- **WHAT TO WORK ON**:
Only an exact copy of the records, from the line with "Under Armour Virgin Galactic Suit (Collar)" through the last line, is wanted.

_ _ _ _ _ _ _

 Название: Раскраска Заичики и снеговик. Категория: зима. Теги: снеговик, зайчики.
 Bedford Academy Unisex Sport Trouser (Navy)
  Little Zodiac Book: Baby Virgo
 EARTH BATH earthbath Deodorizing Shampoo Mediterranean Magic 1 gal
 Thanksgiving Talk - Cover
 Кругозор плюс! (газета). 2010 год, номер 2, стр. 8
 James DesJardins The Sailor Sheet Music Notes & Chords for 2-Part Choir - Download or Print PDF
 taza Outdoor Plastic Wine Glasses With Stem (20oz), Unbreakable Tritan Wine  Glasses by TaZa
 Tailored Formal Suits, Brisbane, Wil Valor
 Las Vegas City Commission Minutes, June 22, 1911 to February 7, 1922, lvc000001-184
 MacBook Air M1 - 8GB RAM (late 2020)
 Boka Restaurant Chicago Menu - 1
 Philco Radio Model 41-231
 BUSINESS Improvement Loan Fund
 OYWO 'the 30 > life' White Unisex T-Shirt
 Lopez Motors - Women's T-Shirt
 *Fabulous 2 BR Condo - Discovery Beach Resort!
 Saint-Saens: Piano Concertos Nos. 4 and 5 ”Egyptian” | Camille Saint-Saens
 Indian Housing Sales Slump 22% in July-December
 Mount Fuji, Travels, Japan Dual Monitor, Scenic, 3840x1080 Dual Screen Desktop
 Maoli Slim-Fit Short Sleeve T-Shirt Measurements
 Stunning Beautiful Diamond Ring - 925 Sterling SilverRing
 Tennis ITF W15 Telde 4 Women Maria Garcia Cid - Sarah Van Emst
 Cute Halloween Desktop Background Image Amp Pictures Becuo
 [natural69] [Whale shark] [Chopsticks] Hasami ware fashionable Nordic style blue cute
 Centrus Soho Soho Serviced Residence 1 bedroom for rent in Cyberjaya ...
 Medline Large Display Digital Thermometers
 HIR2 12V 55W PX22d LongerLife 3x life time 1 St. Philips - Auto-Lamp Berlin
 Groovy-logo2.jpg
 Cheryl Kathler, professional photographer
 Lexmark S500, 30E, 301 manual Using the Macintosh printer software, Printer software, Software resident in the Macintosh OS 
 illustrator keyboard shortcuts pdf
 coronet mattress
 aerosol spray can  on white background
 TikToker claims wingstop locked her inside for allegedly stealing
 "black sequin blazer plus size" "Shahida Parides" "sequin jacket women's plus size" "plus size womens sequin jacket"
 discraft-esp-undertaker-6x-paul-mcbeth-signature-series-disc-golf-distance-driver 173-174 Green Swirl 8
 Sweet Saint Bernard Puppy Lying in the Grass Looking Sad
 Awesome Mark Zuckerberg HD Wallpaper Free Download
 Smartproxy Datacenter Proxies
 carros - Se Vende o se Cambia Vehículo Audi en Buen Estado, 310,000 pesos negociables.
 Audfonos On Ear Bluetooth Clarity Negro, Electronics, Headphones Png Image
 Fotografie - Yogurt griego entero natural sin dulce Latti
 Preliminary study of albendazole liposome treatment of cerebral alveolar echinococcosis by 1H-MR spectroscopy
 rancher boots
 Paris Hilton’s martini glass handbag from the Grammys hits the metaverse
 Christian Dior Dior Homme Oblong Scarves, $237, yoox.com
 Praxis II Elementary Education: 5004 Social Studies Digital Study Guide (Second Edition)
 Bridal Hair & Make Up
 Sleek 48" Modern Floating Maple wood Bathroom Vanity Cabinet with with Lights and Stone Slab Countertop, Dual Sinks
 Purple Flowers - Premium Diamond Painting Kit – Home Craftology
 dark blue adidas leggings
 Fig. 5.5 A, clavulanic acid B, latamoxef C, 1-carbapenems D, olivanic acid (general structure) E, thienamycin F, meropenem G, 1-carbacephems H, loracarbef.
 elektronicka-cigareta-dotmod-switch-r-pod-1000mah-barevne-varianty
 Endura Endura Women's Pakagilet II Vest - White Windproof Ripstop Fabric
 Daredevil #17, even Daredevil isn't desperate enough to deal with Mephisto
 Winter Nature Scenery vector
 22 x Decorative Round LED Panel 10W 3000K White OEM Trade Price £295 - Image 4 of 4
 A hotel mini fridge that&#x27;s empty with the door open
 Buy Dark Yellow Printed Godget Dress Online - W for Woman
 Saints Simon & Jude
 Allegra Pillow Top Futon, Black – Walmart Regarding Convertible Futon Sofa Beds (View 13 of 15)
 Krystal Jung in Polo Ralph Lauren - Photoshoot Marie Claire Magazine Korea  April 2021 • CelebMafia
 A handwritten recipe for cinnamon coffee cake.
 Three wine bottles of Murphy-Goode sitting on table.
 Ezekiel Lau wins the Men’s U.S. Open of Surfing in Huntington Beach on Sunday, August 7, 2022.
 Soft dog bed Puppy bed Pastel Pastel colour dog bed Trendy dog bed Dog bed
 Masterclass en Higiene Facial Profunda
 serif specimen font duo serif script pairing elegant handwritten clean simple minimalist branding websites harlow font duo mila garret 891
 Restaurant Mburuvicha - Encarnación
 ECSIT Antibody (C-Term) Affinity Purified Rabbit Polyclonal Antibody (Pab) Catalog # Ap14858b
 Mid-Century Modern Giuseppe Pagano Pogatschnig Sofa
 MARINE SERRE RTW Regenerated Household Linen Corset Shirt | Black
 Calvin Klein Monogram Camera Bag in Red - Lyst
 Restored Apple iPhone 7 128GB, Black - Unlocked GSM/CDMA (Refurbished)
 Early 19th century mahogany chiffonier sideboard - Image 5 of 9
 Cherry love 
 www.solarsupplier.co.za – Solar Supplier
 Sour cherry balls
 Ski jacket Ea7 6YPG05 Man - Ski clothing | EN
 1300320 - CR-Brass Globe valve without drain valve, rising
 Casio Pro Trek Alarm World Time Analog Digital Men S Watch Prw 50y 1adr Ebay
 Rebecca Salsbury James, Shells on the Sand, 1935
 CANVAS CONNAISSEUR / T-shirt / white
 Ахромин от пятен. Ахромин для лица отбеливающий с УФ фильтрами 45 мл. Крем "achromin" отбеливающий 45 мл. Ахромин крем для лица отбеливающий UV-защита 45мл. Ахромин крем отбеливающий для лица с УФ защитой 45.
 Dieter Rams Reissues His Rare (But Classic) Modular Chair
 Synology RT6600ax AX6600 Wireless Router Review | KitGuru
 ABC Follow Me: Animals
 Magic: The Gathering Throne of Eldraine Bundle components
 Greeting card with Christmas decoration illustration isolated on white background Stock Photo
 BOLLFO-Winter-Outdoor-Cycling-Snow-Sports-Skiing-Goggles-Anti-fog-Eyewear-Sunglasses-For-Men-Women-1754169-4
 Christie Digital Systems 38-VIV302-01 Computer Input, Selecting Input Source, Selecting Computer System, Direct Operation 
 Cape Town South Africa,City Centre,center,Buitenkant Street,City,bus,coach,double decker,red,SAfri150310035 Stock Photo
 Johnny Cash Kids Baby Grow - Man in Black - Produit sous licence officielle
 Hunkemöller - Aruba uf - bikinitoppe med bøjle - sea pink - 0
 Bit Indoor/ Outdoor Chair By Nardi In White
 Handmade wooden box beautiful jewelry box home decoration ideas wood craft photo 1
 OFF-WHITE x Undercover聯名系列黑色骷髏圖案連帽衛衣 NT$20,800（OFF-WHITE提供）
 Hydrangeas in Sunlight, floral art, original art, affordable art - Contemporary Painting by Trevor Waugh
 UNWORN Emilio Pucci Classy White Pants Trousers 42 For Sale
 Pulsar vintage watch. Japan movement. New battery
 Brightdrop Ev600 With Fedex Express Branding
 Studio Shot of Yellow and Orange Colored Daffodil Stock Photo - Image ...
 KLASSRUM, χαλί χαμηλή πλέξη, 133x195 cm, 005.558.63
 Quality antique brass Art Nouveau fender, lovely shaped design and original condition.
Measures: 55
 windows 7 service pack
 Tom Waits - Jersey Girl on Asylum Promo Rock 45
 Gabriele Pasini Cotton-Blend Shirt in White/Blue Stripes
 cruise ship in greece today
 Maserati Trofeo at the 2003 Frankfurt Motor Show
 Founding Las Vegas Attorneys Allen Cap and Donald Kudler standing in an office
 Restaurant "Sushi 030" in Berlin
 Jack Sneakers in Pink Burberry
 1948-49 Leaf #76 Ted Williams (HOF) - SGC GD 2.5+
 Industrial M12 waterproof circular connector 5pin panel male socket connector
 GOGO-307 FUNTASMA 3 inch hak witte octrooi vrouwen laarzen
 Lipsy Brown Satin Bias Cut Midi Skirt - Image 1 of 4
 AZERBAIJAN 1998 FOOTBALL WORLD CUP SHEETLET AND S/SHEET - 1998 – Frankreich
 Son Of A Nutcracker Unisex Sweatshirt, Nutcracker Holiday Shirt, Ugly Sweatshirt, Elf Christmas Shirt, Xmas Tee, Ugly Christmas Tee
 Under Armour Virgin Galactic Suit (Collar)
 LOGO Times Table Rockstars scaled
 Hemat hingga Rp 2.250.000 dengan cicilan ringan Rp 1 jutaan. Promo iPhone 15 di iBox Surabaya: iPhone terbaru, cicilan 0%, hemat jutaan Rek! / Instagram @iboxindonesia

_ _ _ _ _ _ _

- **ANSWER BELOW**:
 Under Armour Virgin Galactic Suit (Collar)
 LOGO Times Table Rockstars scaled
 Hemat hingga Rp 2.250.000 dengan cicilan ringan Rp 1 jutaan. Promo iPhone 15 di iBox Surabaya: iPhone terbaru, cicilan 0%, hemat jutaan Rek! / Instagram @iboxindonesia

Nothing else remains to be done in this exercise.